_Data_:

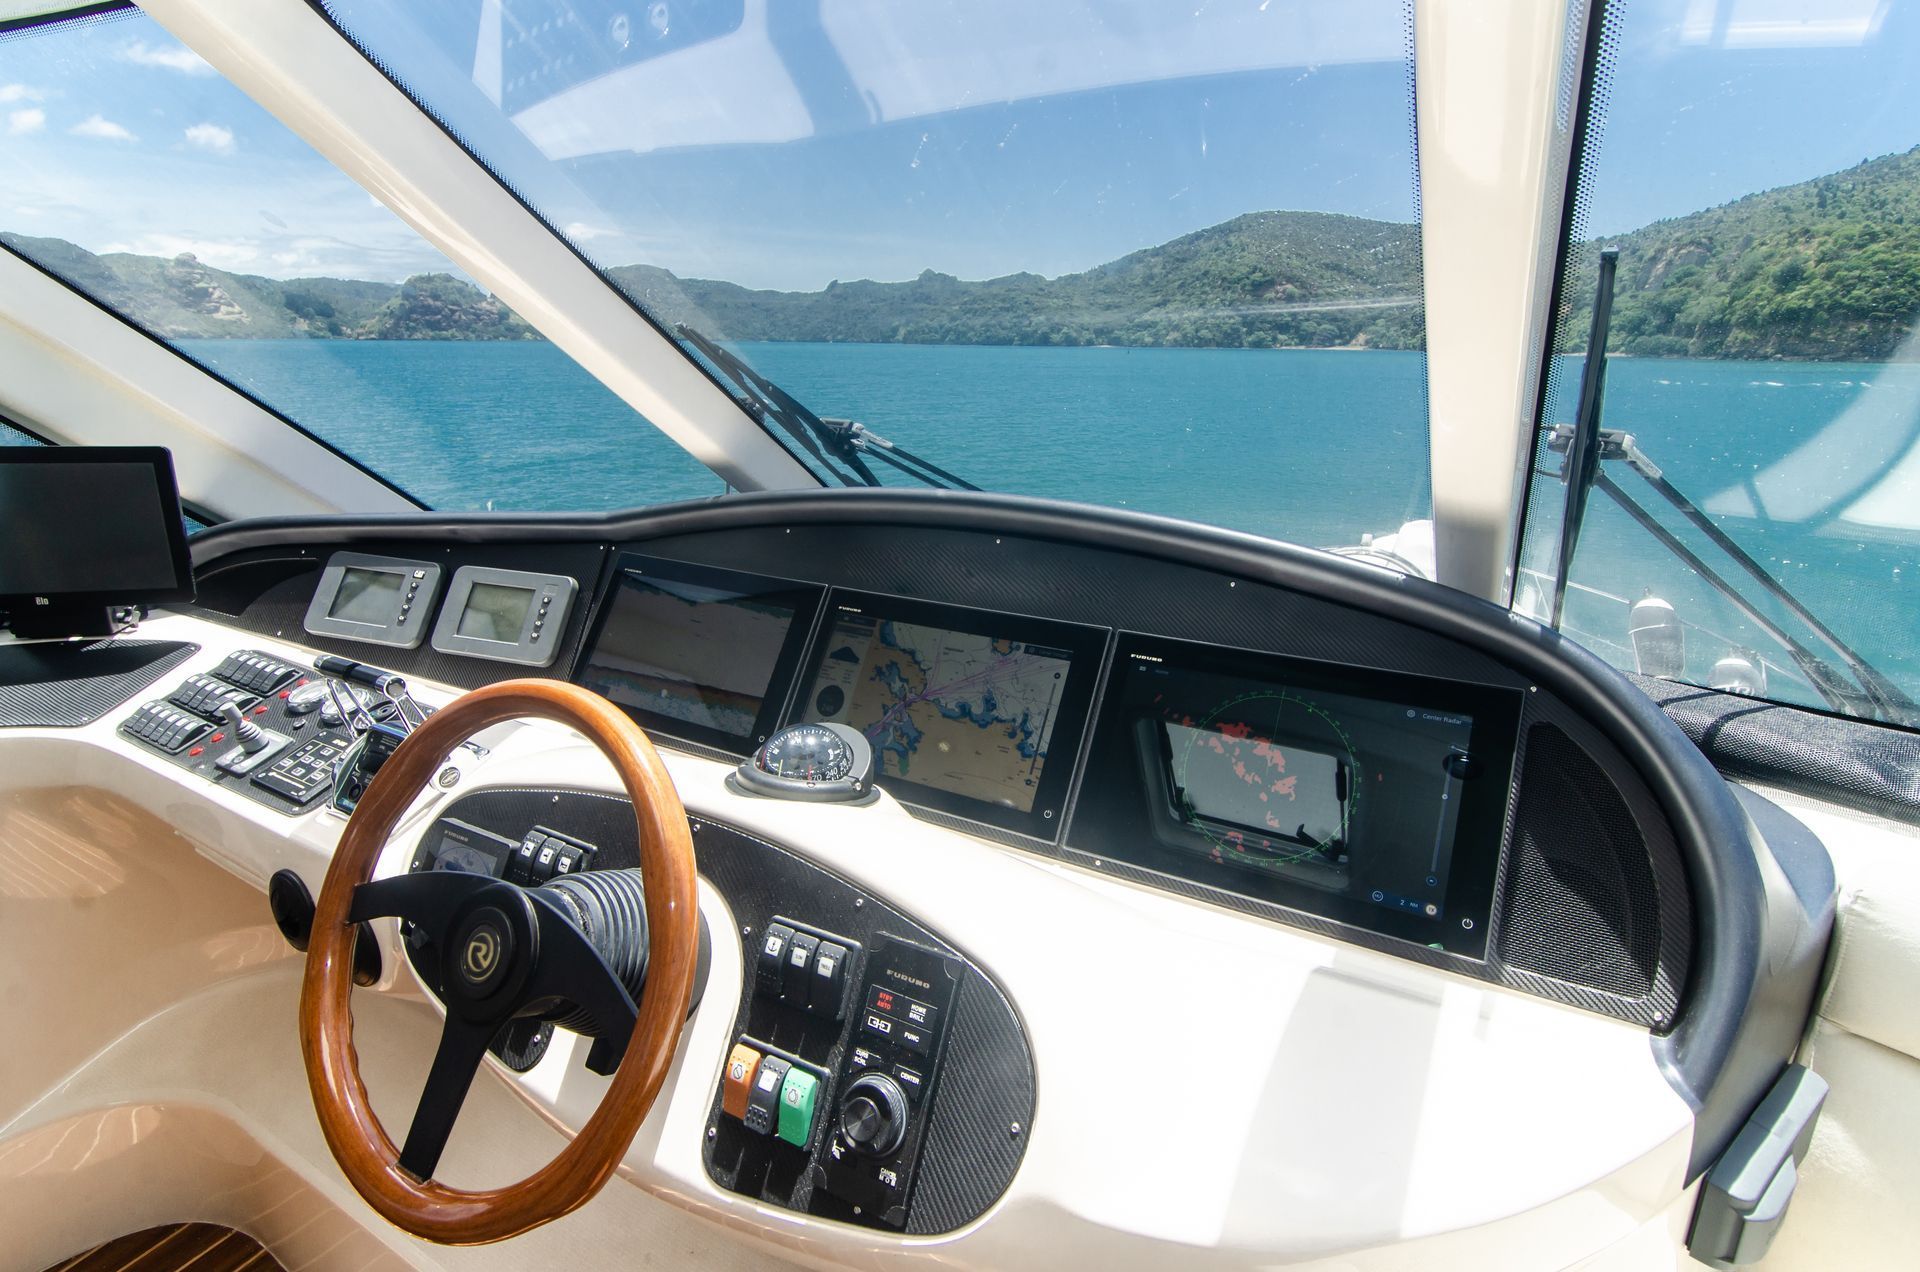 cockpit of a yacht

...

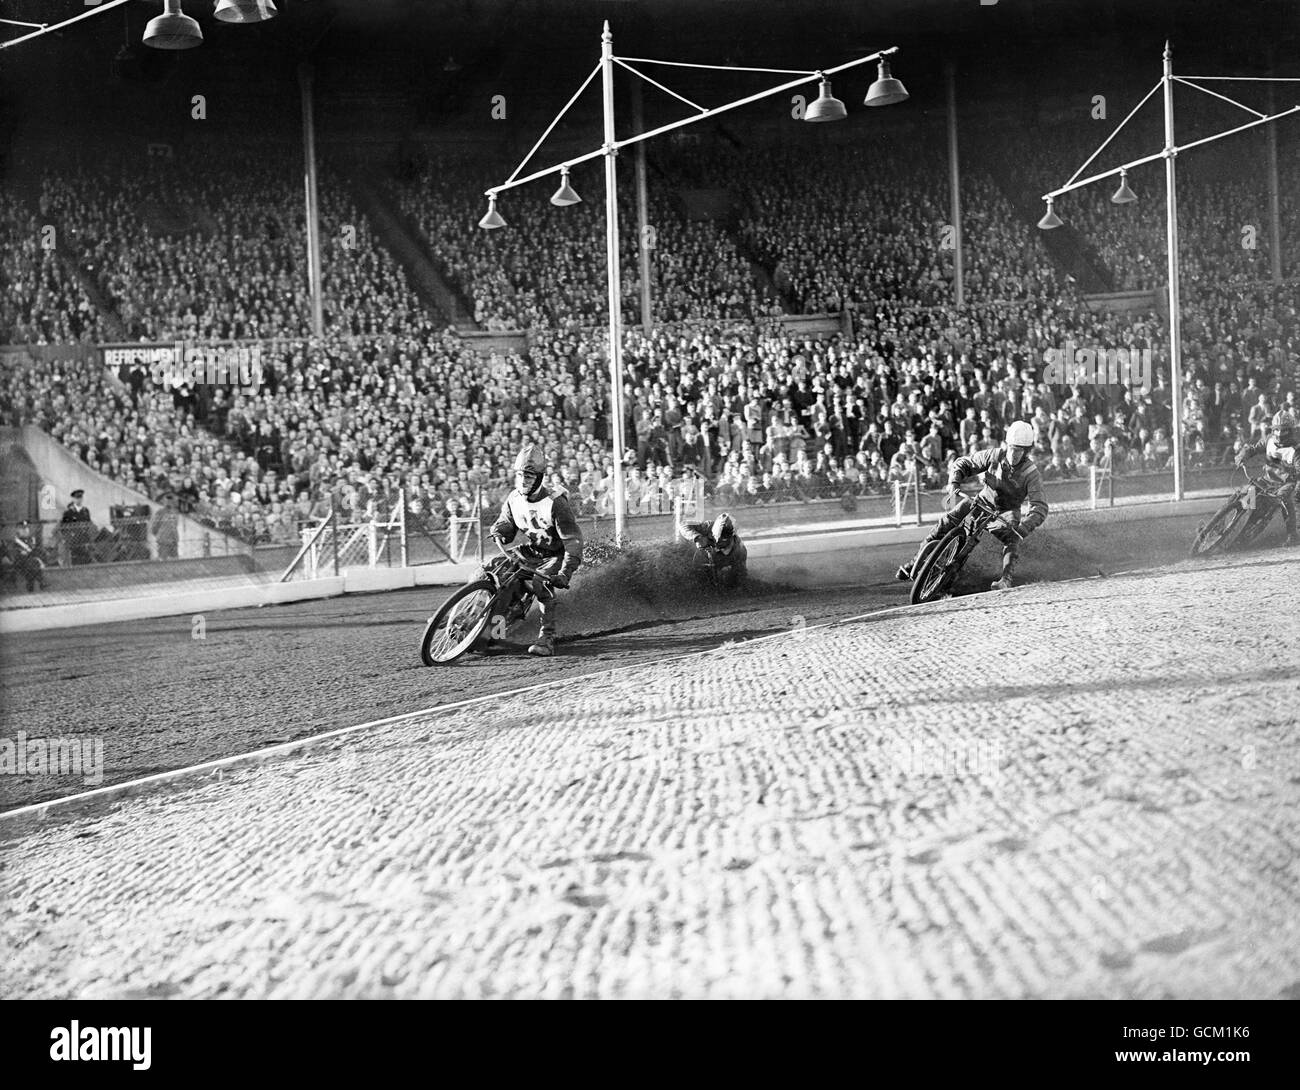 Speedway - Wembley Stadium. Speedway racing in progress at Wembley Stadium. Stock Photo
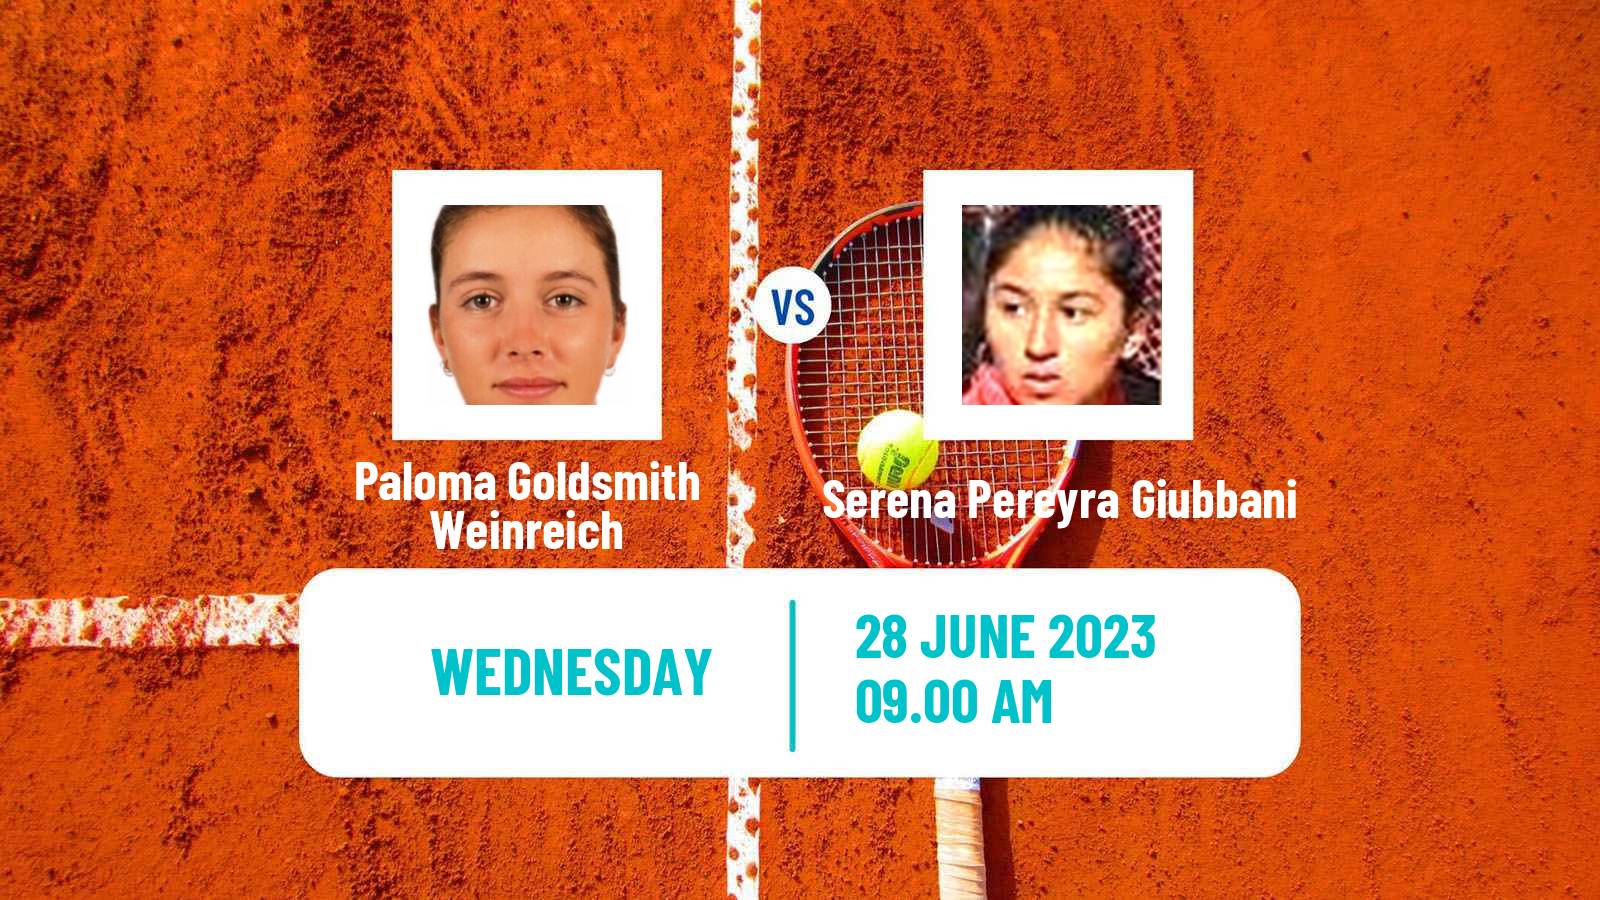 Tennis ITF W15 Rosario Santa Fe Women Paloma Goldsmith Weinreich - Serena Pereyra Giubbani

_The task_: Your answer is the exact run of lines above from the one with "Speedway - Wembley" through the one with "Tennis ITF W15", both ends included, minus any picture.

_Solution to this problem_:
 Speedway - Wembley Stadium. Speedway racing in progress at Wembley Stadium. Stock Photo
 Tennis ITF W15 Rosario Santa Fe Women Paloma Goldsmith Weinreich - Serena Pereyra Giubbani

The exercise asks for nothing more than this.